Benefits of Intent's Observability
The comprehensive observability in Intent provides several key benefits:
-
Debugging: When issues occur, traces provide a detailed timeline of what happened, making it easier to identify the root cause.
-
Performance Tuning: Span durations reveal performance bottlenecks, showing which operations are taking the most time.
-
System Understanding: Traces provide a visual representation of how the system works, helping new developers understand the flow of operations.
-
Operational Visibility: Patterns in traces can reveal operational issues, such as increased latency or error rates.
-
Cross-Component Correlation: Traces span across system boundaries, showing how different components interact.
Extending Observability
To add observability to new components in Intent:
-
Use the
traceSpan
Helper: Wrap operations intraceSpan
calls to create spans. -
Follow Naming Conventions: Use consistent span names that follow the established patterns.
-
Include Relevant Attributes: Add attributes that provide context for the operation.
-
Propagate Context: Ensure that trace context is propagated across async boundaries.
-
Test Instrumentation: Write tests that verify spans are created as expected.

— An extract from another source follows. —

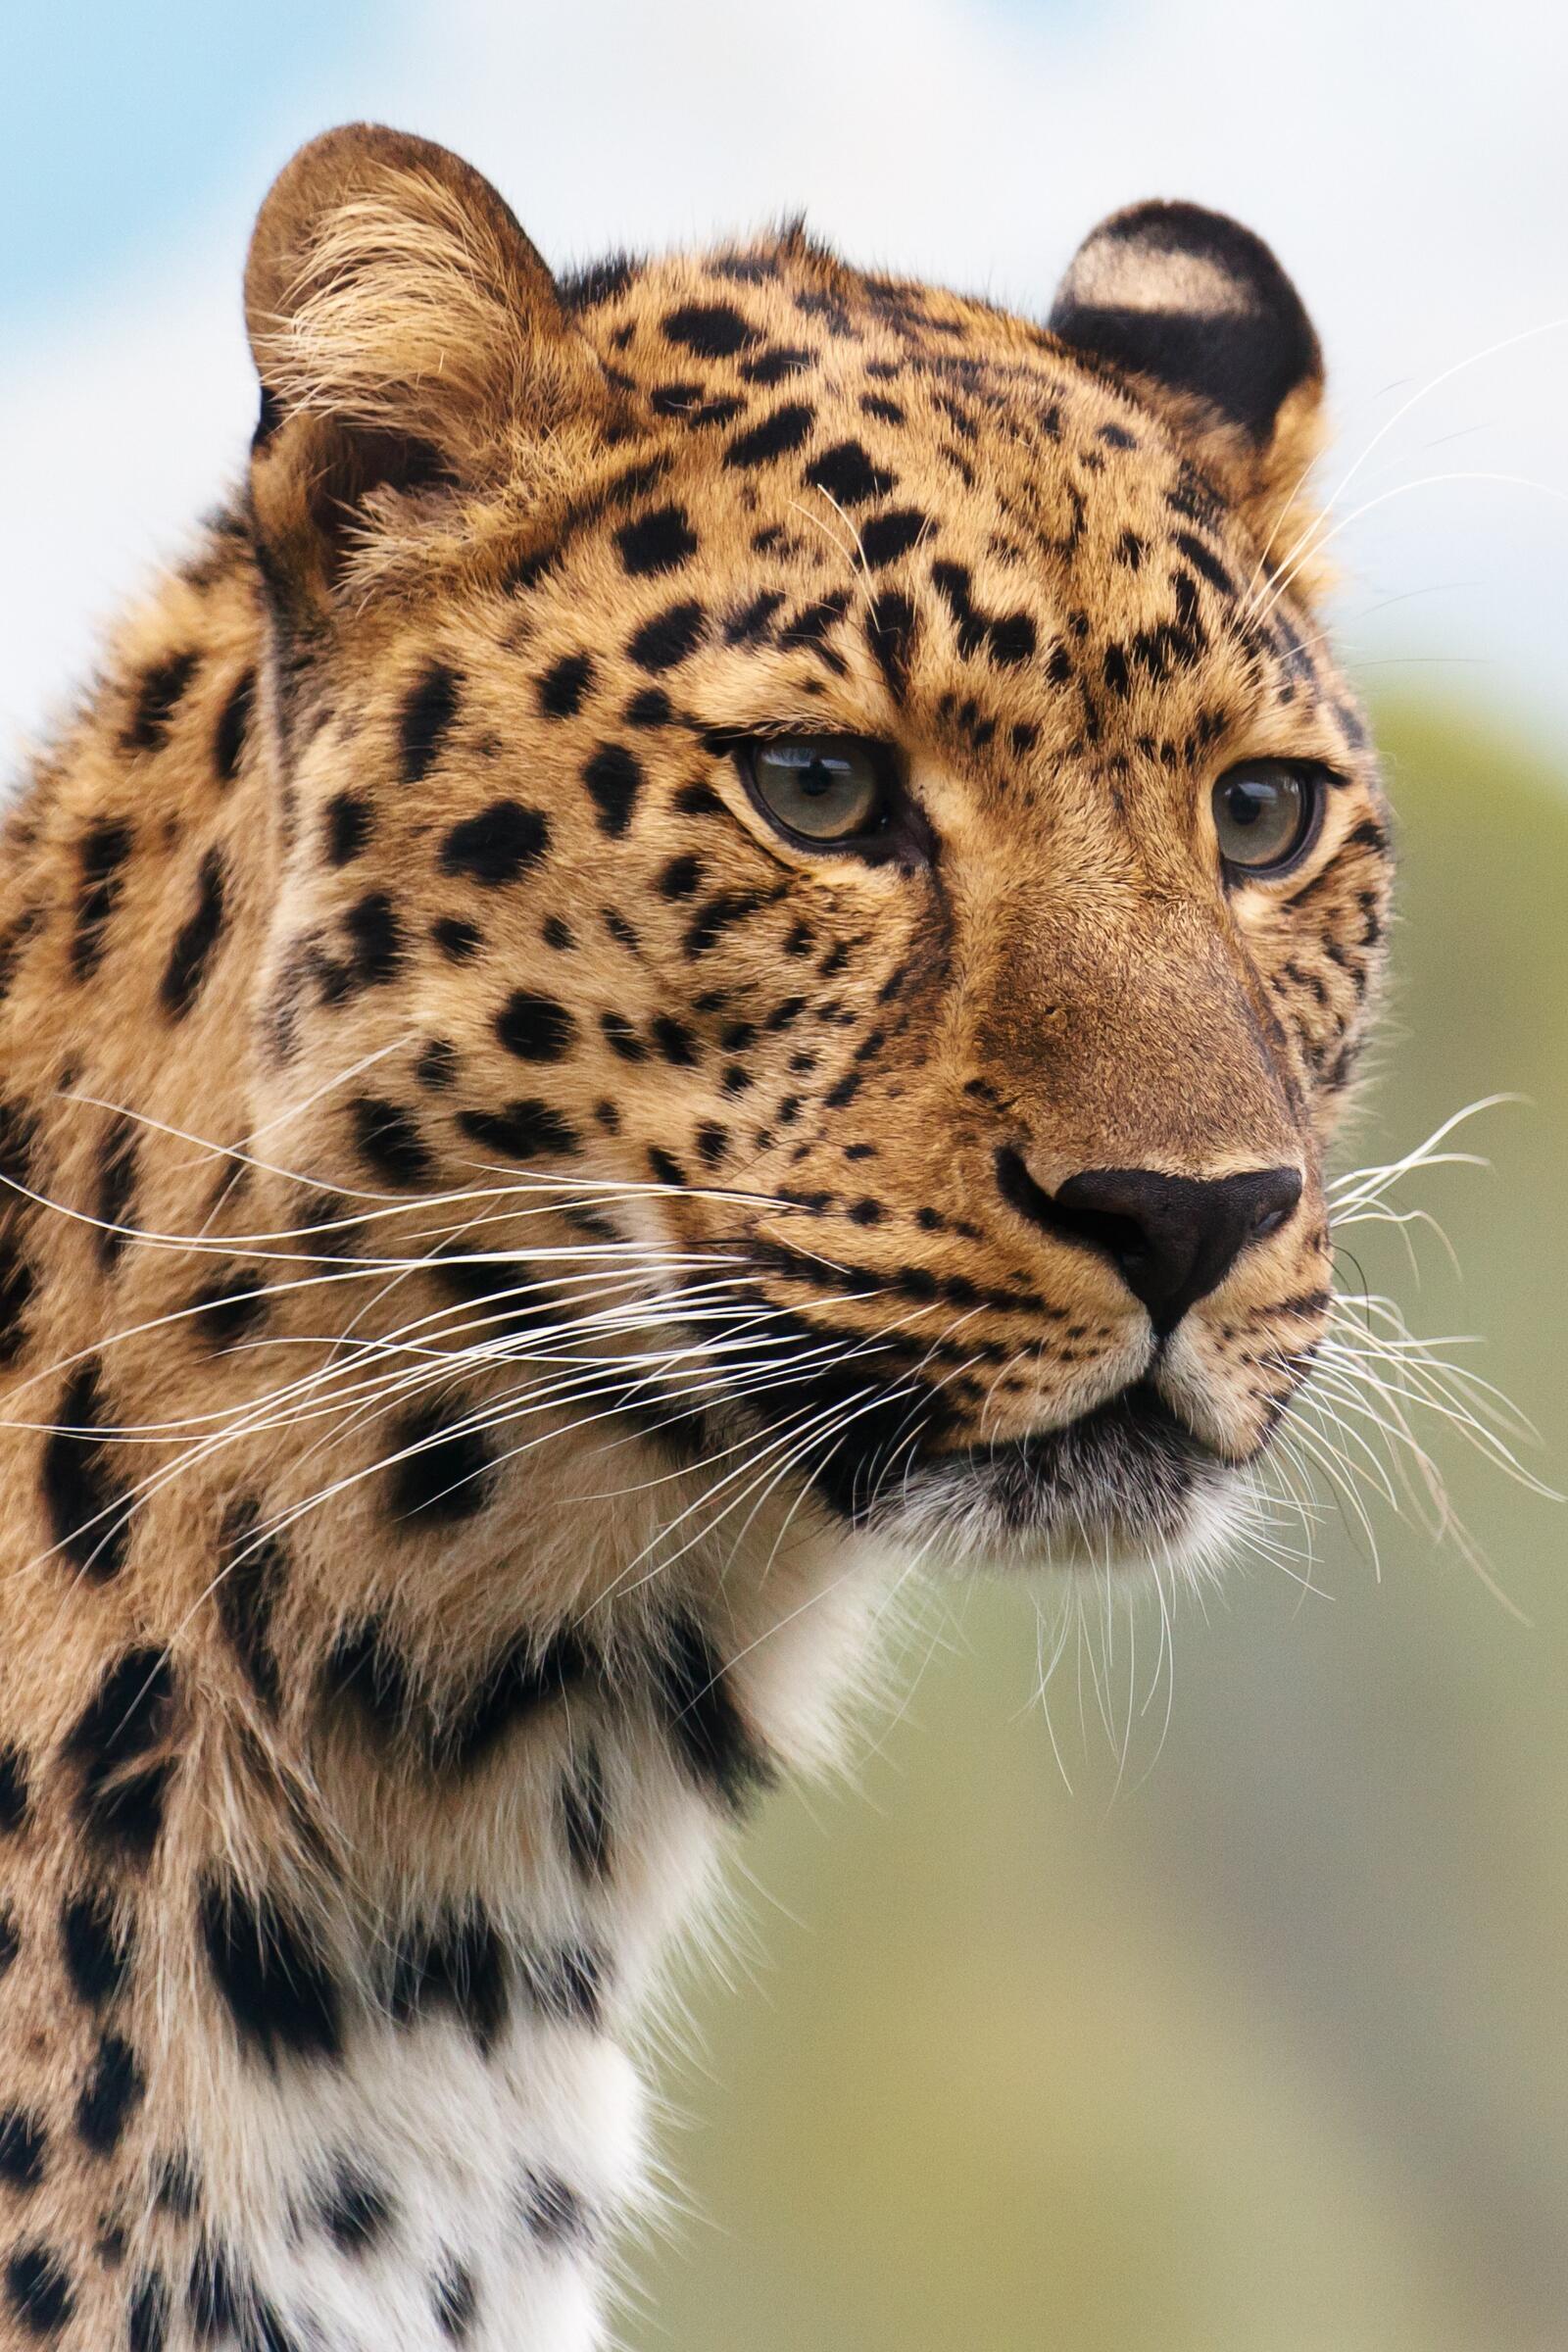 Бесплатное фото Молодой леопард

By following these guidelines, new components will maintain the same level of observability as the rest of the system.
Observability Configuration
Intent's observability can be configured through environment variables:
# Observability configuration
LOG_LEVEL=info # Log level (debug, info, warn, error)
LOG_ERRORS_TO_STDERR=false # Whether to log errors to stderr
OTEL_EXPORTER_OTLP_ENDPOINT= # OpenTelemetry collector endpoint
OTEL_RESOURCE_ATTRIBUTES= # Resource attributes for spans
This allows for tuning the verbosity and destination of logs and traces based on the environment (development, staging, production).